— Records for the task —
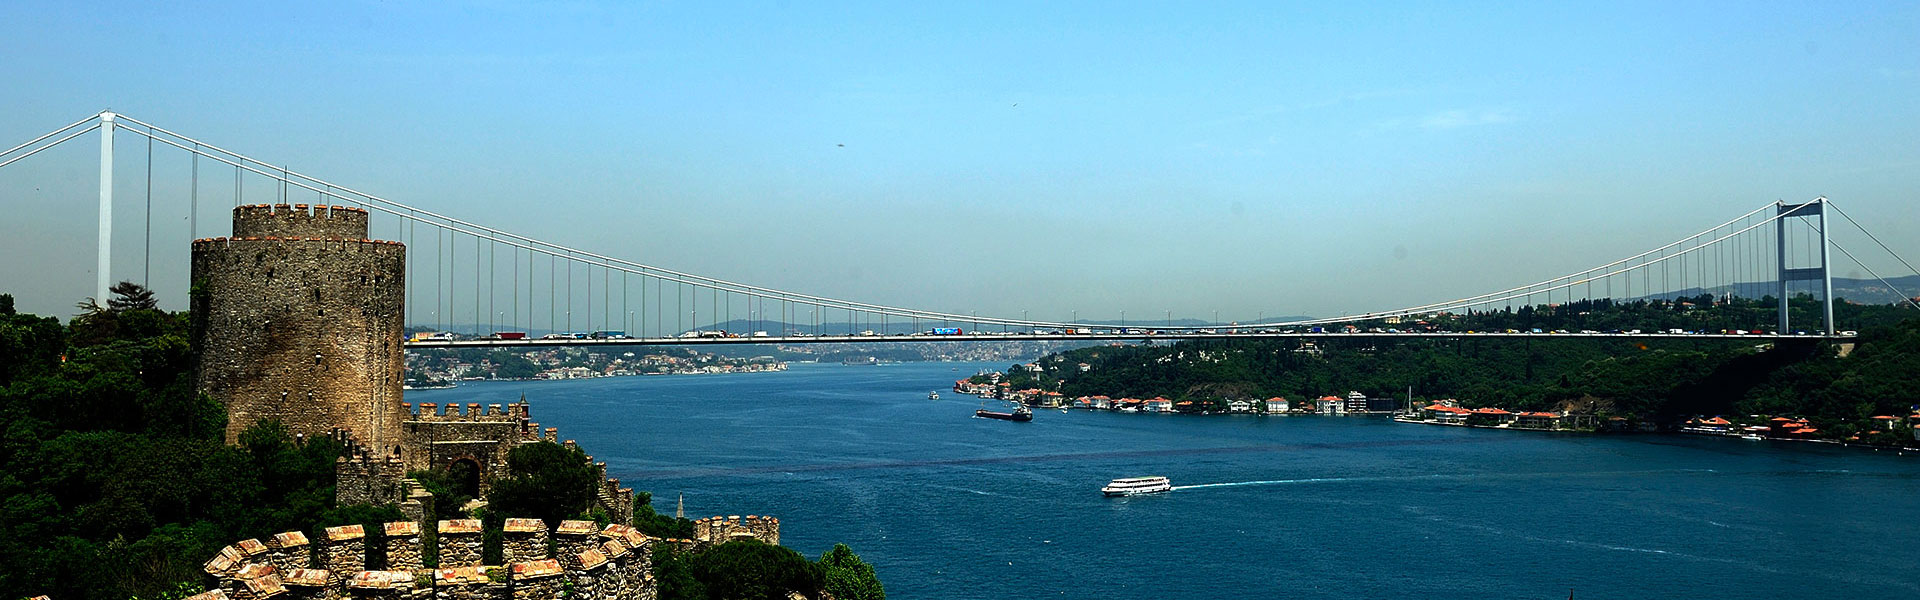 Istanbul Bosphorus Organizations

...

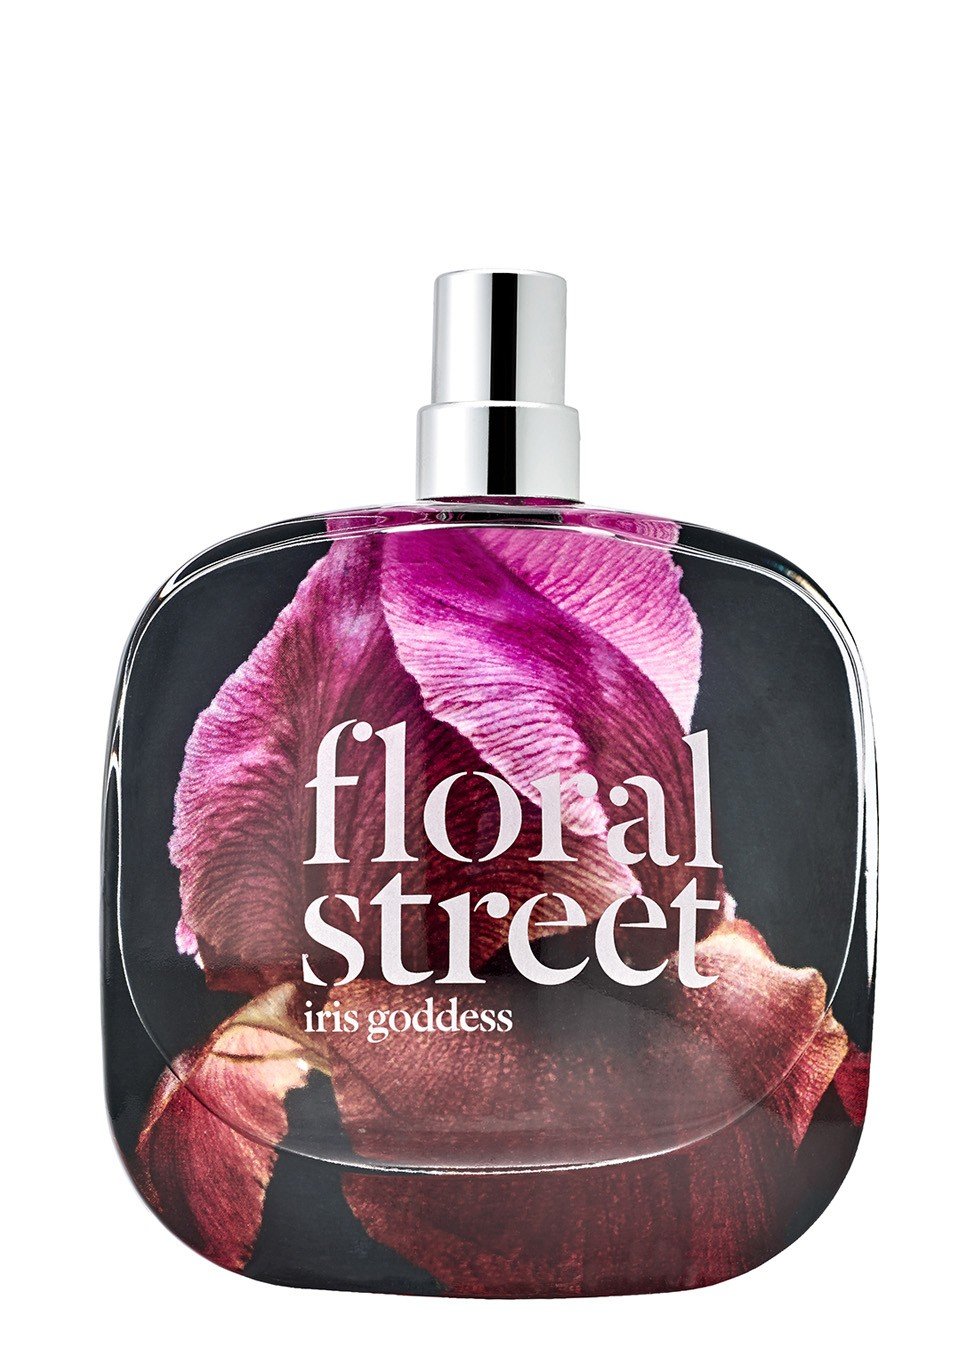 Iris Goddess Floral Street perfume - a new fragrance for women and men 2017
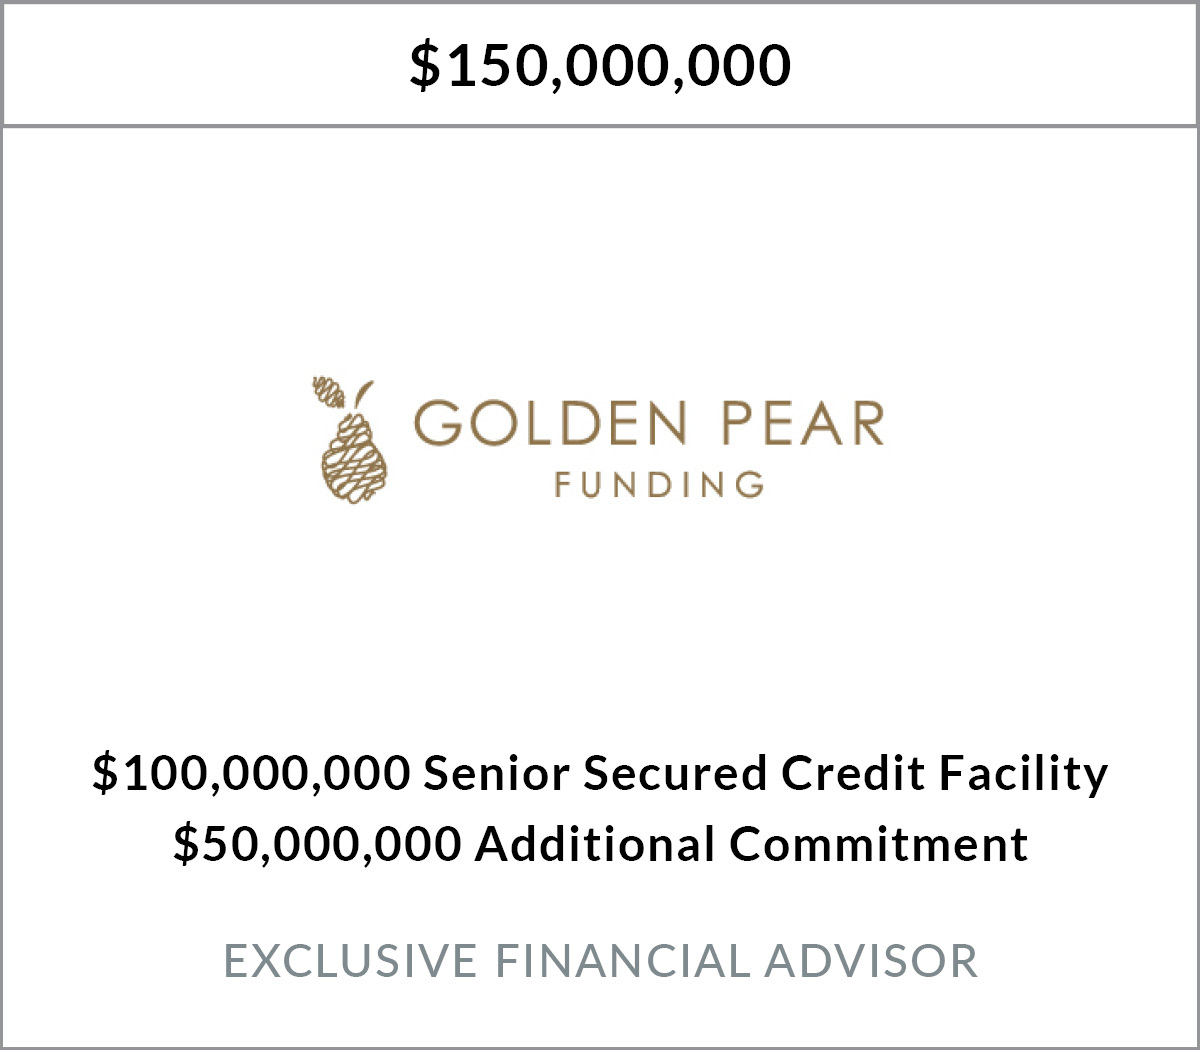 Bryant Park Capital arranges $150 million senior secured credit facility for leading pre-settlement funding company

— What you have to do —
Looking above, find the stretch of lines that opens with the one holding "Iris Goddess Floral" and closes with the one holding "Bryant Park Capital". Copy it exactly, pictures excluded.

— Reply to the exercise —
 Iris Goddess Floral Street perfume - a new fragrance for women and men 2017
 Bryant Park Capital arranges $150 million senior secured credit facility for leading pre-settlement funding company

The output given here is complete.